# Help with Growing Moss and Lichen



## LawnShrimp

As good with inverts and complex plants as I am, I somehow fail at growing moss and lichen every way possible. I love the look of fluffy green moss, and to see a centipede or scorpion curl up and rest its head on a clump of lush moss would look amazing. But my attempts at moss often fail. I have heard that blending moss and lichen with water and buttermilk/kefir/yogurt or some other dairy product, but several other sources state that this does not work and all you get is mold. 
I found several patches of acrocarpous moss near my home, and planted it in a tank, watering it every day (not waterlogged). I haven't noticed any growth in about a month. It is winter, and I know moss grows slowly, but do I need to do anything else? 

I do have a tank with several lichen-covered logs in it and some tufts of reindeer lichen (_Cladonia_), but all the lichen near the ground rots into white and orange flakes. The reindeer lichen has not attached to the ground (I found it uprooted), nor has any of the lichen spread.

Much of the information I've found online is misleading and contradictory. I would appreciate if a more experienced member could instruct me on how to grow a nice moss cover.

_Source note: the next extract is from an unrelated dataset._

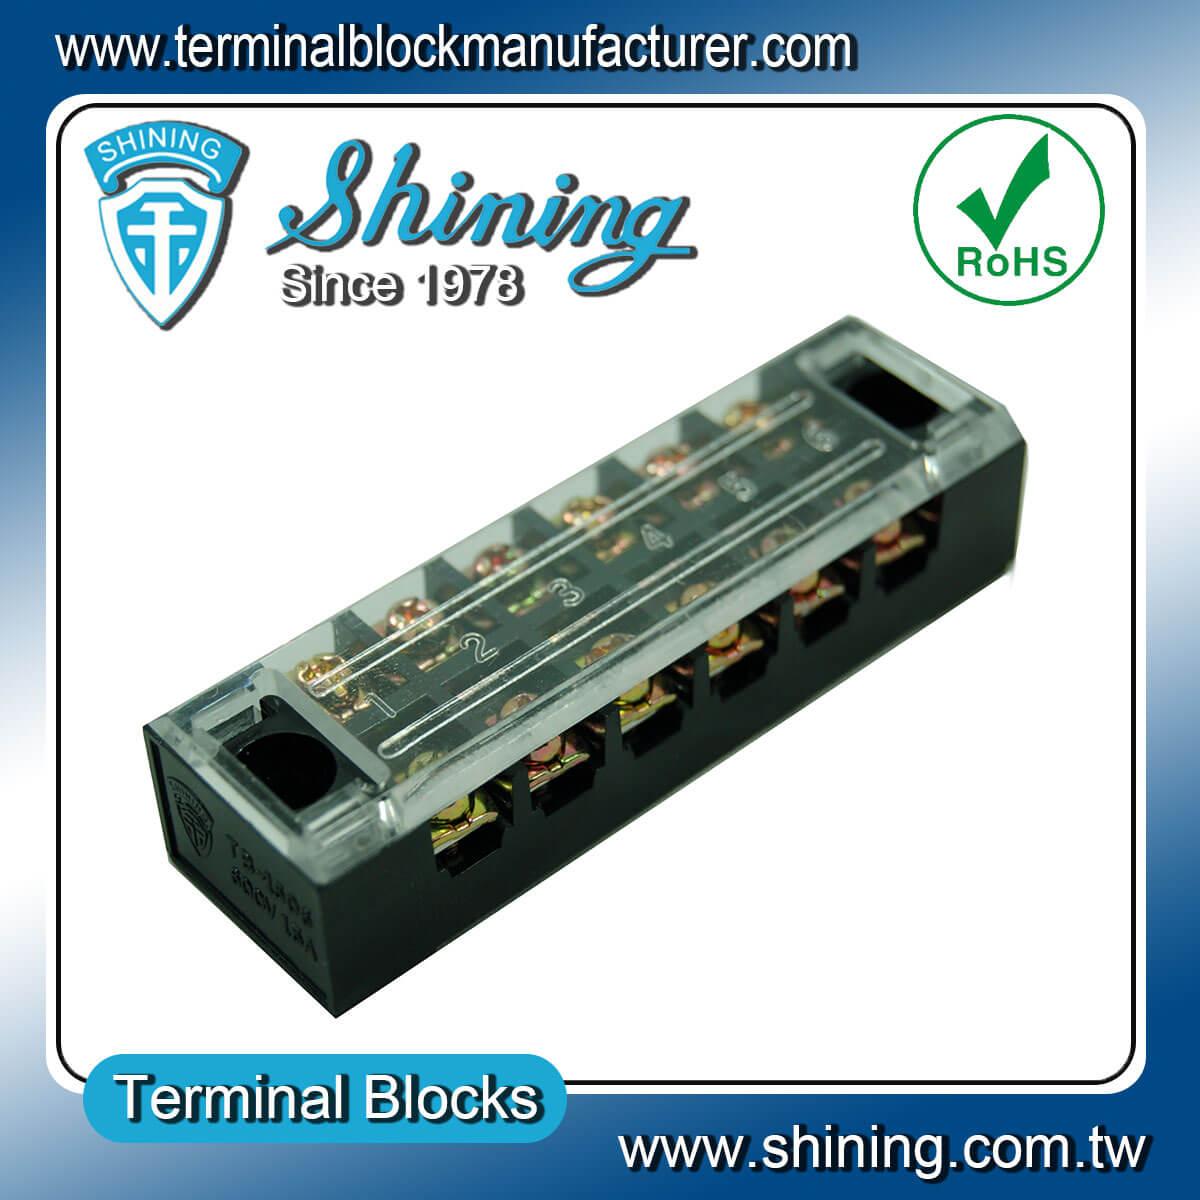 TB-1506 600V 15A 6Pole固定式柵欄端子台

Sources I read: http://www.mossandstonegardens.com/blog/how-to-grow-moss/


----------



## Jpeg

I used to grow moss emersed for aquariums. I always chopped it up into something of a fine paste with water then spread that where I wanted it to grow. Never used yogurt, I heard bad things about that as well. If it's kept from drying out and is decently lit there should be growth in 1-2 months.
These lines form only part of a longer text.